The collection of poems has nothing to do with her Mexican heritage, and as she herself has said on occasion, her sense of identity has developed outside of language.

"I was not raised in a bilingual family. My grandfather barely spoke Spanish. He worked hard to assimilate into American culture, grew up in a foster family and ended up graduating from college. I've always identified with Mexican culture, but like many of us, I'm not just one thing. I am many things. I'm Irish, and I'm Scottish, and I'm also German," she said in an interview with Compose Journal, a literary media outlet, 10 years ago. 
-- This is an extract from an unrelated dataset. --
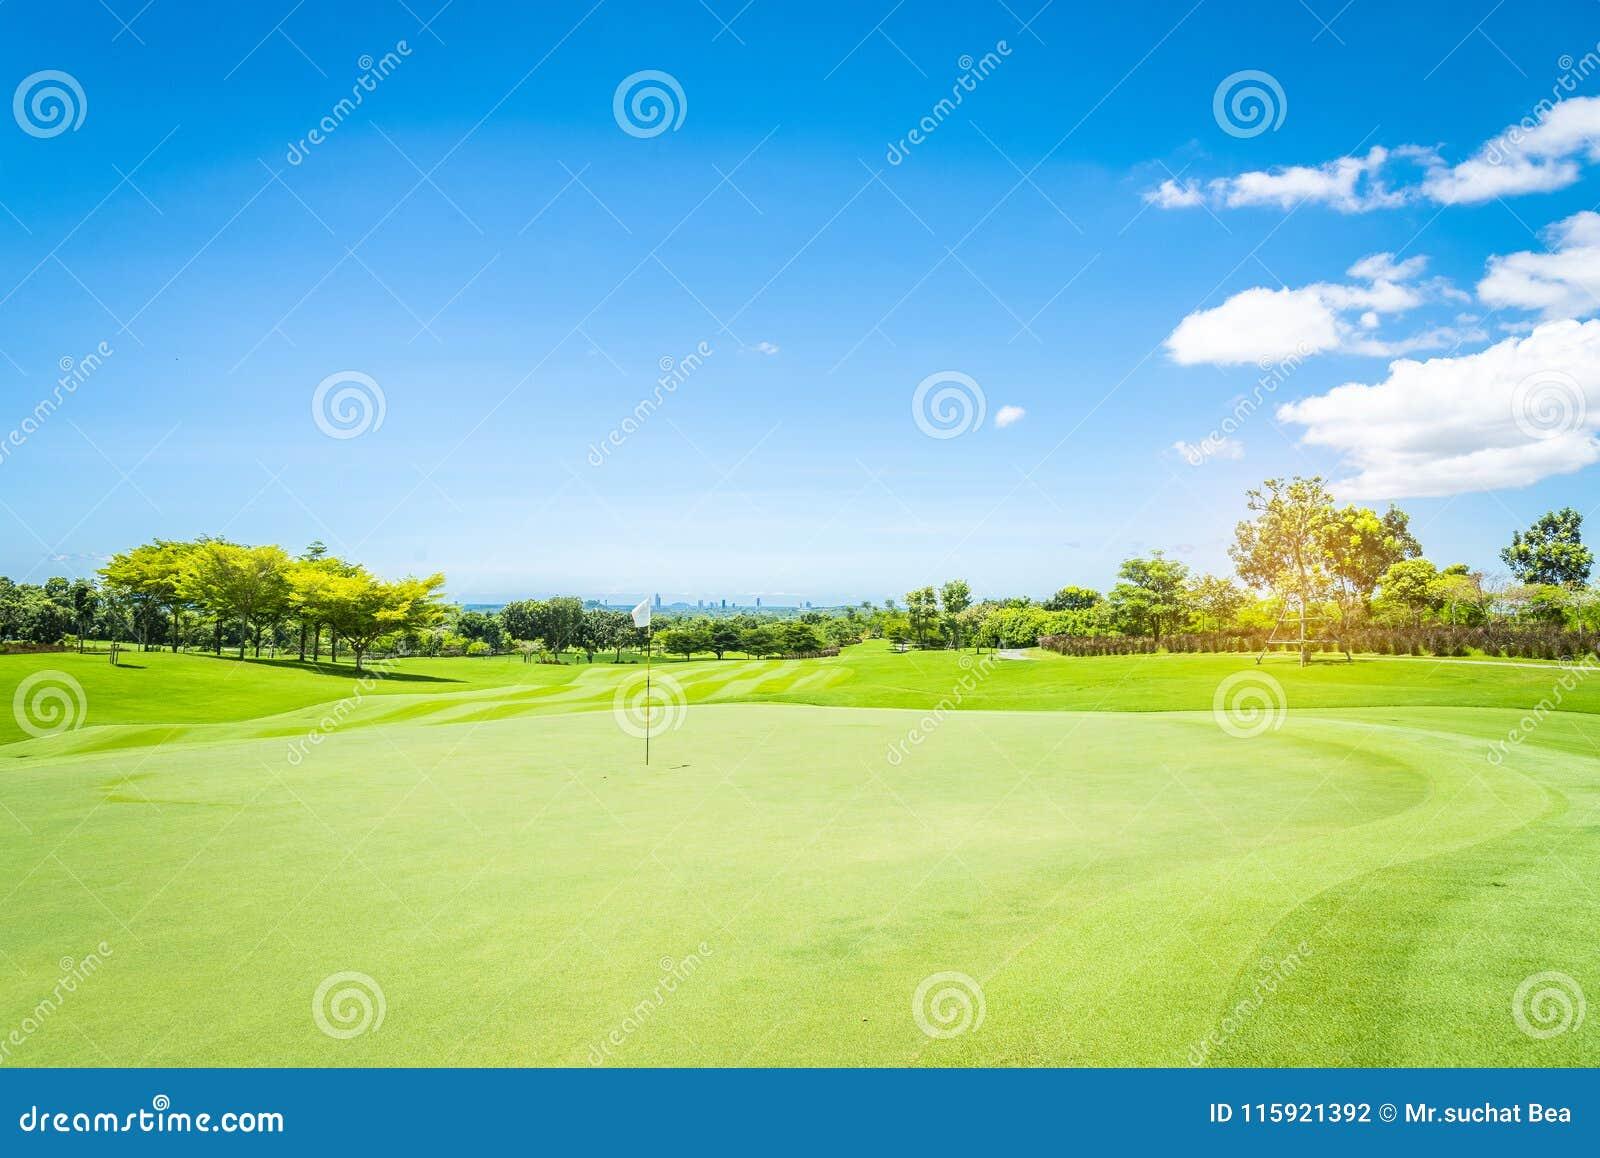 A green grass in Golf Course

Her parents divorced when she was just eight years old, so her poetic work, autobiographical in nature, is very much identified with the "divided self." 

ada limon poetry book

Although she opposes a certain tendency to categorize by origin to encourage diversity and celebrate differences, "that doesn't mean I don't feel political or that I ignore the important work I believe Latino writers should be doing for the community at large. I have a sense of responsibility in terms of representation. But for me, the most interesting thing is how we come to find our individual voices, what speaks to us, what excellent oddities emerge in our work. We are all such strange animals and I find the noises we make very exciting," she told Compose Journal

Limón is the author of six books of poetry, including The Carrying, which won the National Book Critics Circle Award for Poetry. She is also the host of the critically-acclaimed poetry podcast, The Slowdown. Her new book of poetry, The Hurting Kind, is out now from Milkweed Editions.